- Dataset section -
--

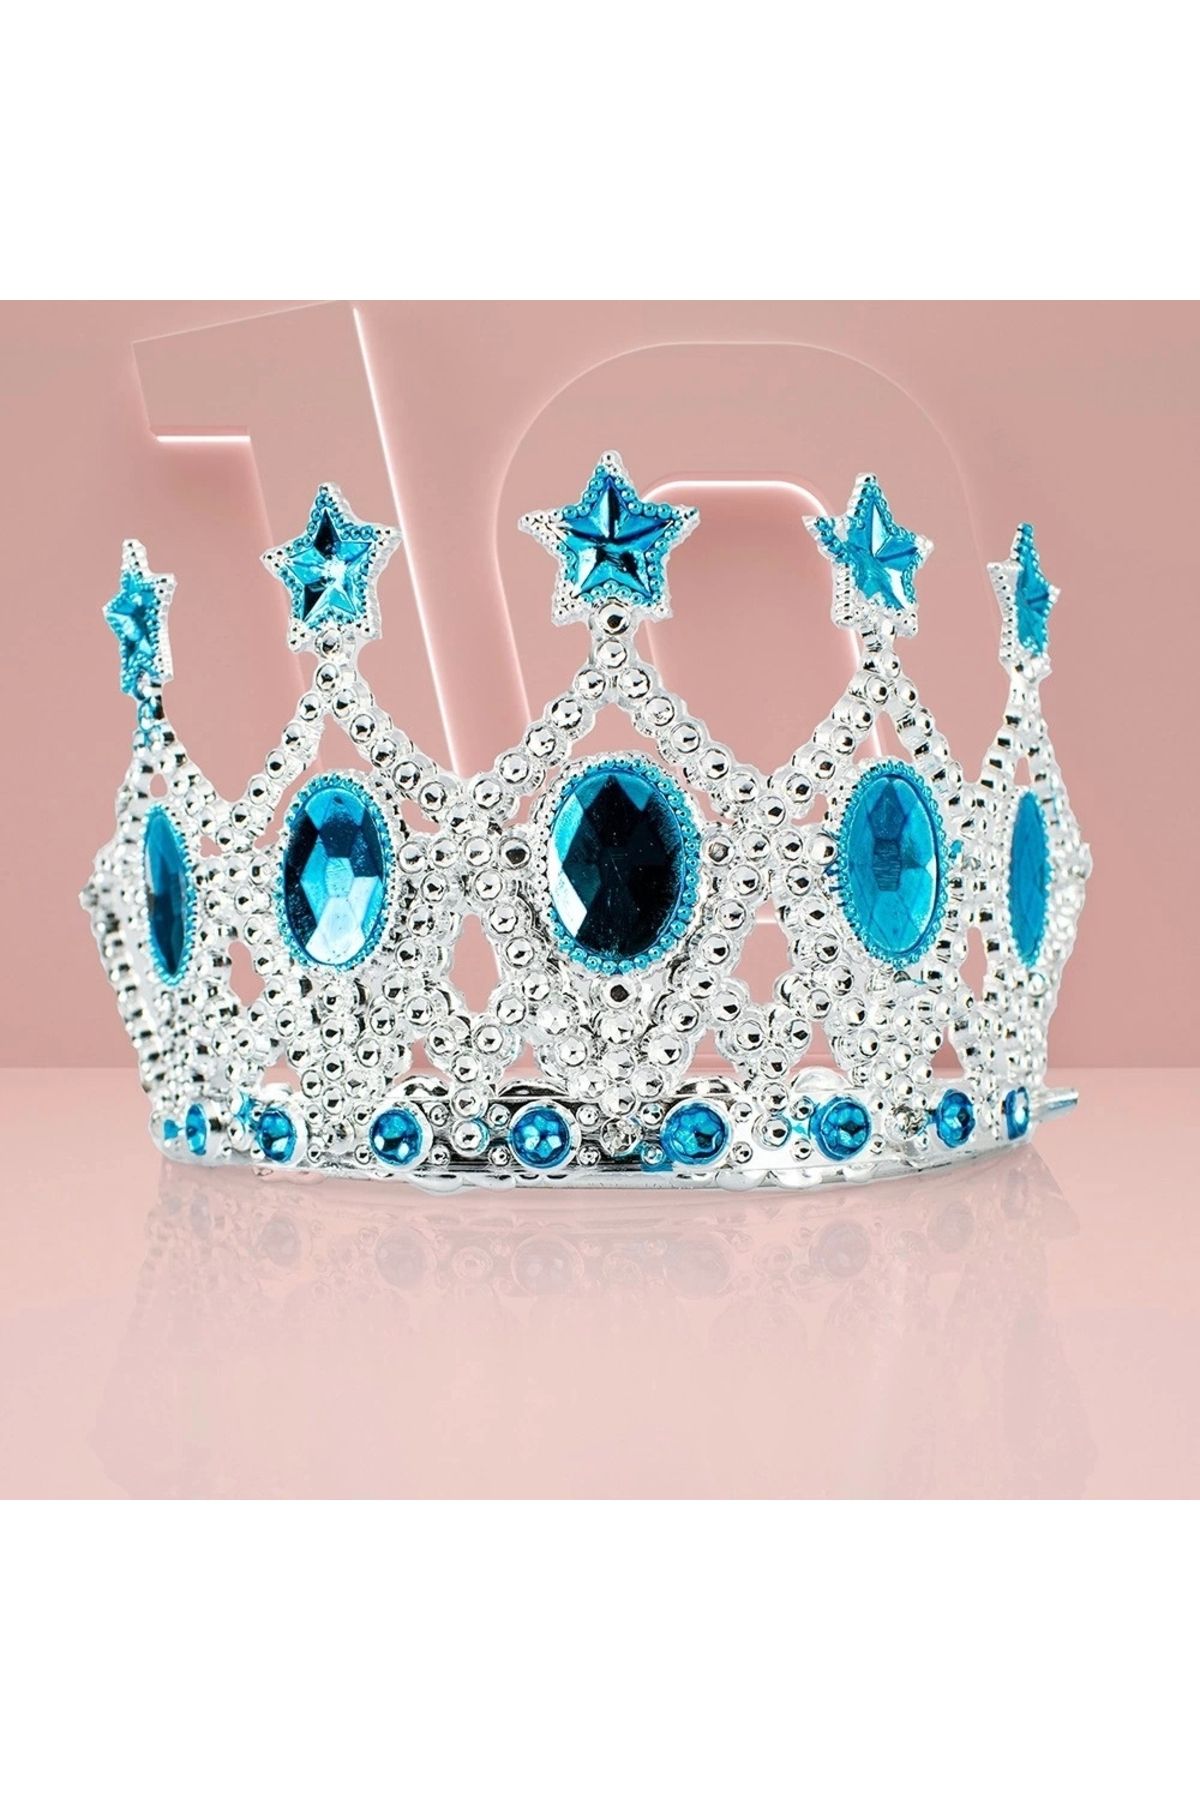 Genel Markalar Çocuk Kraliçe Tacı - Mavi Yıldız Işlemeli Prenses Tacı 15x7 Cm
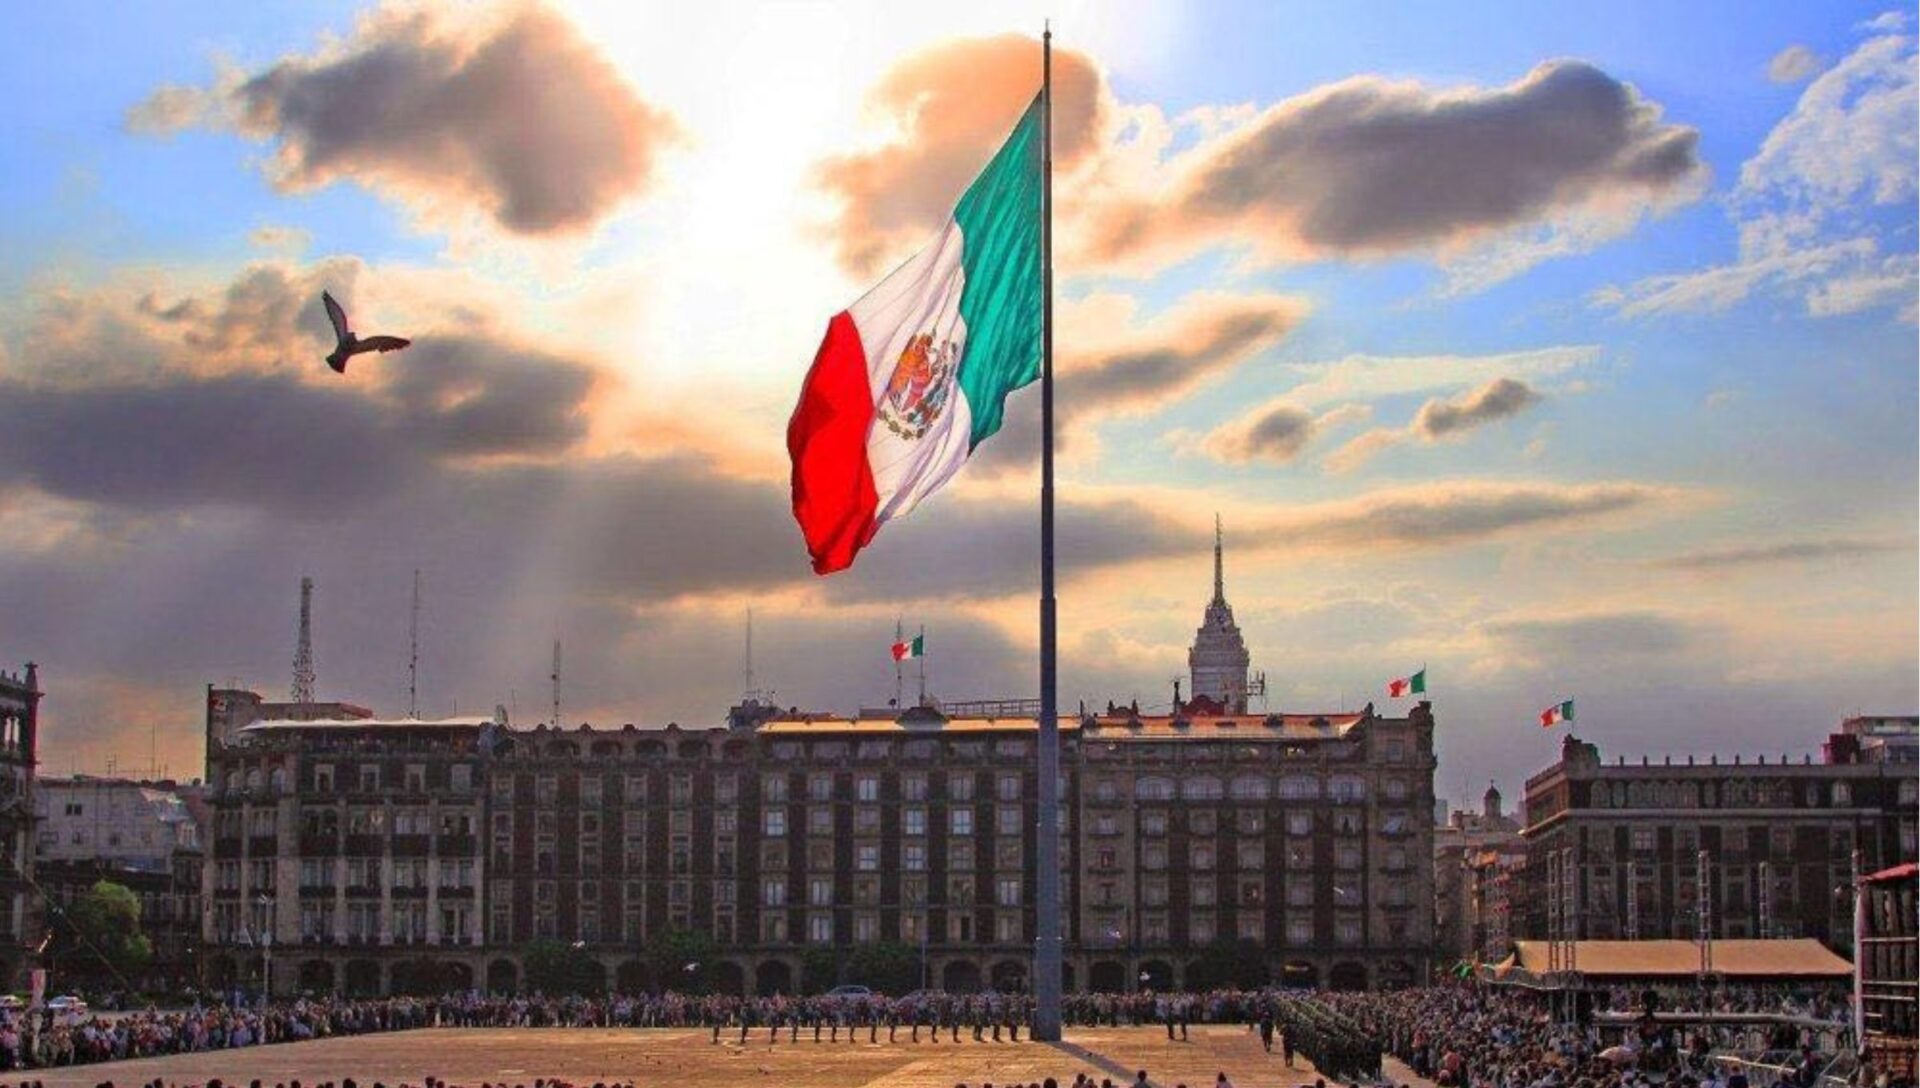 Bandera se izará en el Zócalo durante ‘Marea Rosa’: AMLO
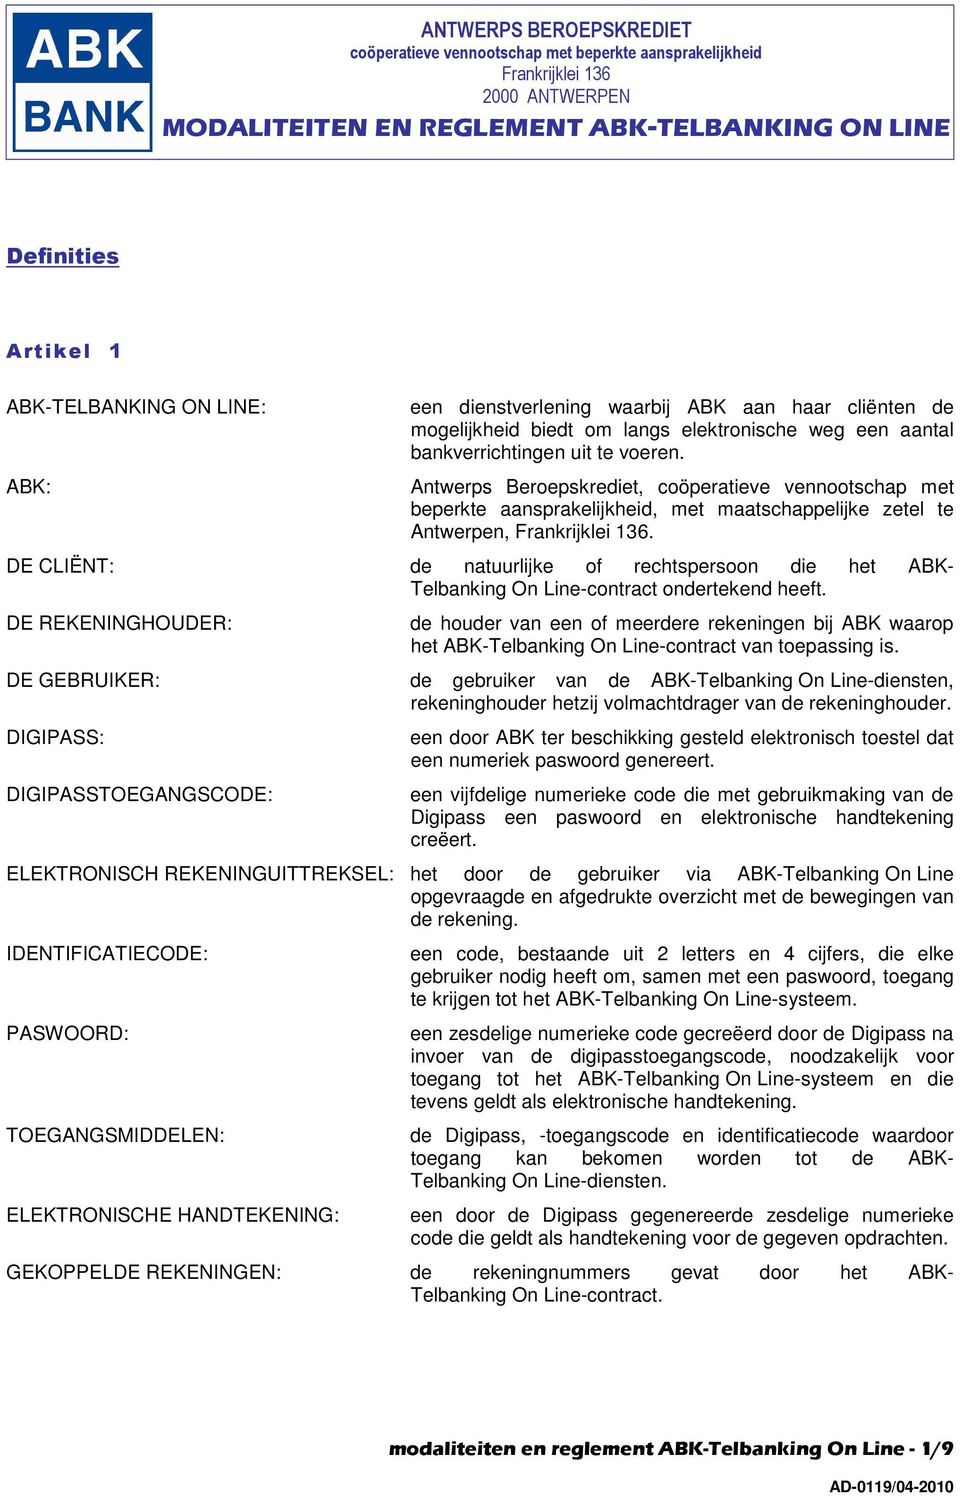 Antwerps Beroepskrediet, coöperatieve vennootschap met beperkte aansprakelijkheid, met maatschappelijke zetel te Antwerpen, Frankrijklei 136.

--

- Task item -
Please reproduce the lines above from the one containing "Bandera se izará" through the final line, exactly and inclusively, leaving out each picture.

- Your solution -
 Bandera se izará en el Zócalo durante ‘Marea Rosa’: AMLO
 Antwerps Beroepskrediet, coöperatieve vennootschap met beperkte aansprakelijkheid, met maatschappelijke zetel te Antwerpen, Frankrijklei 136.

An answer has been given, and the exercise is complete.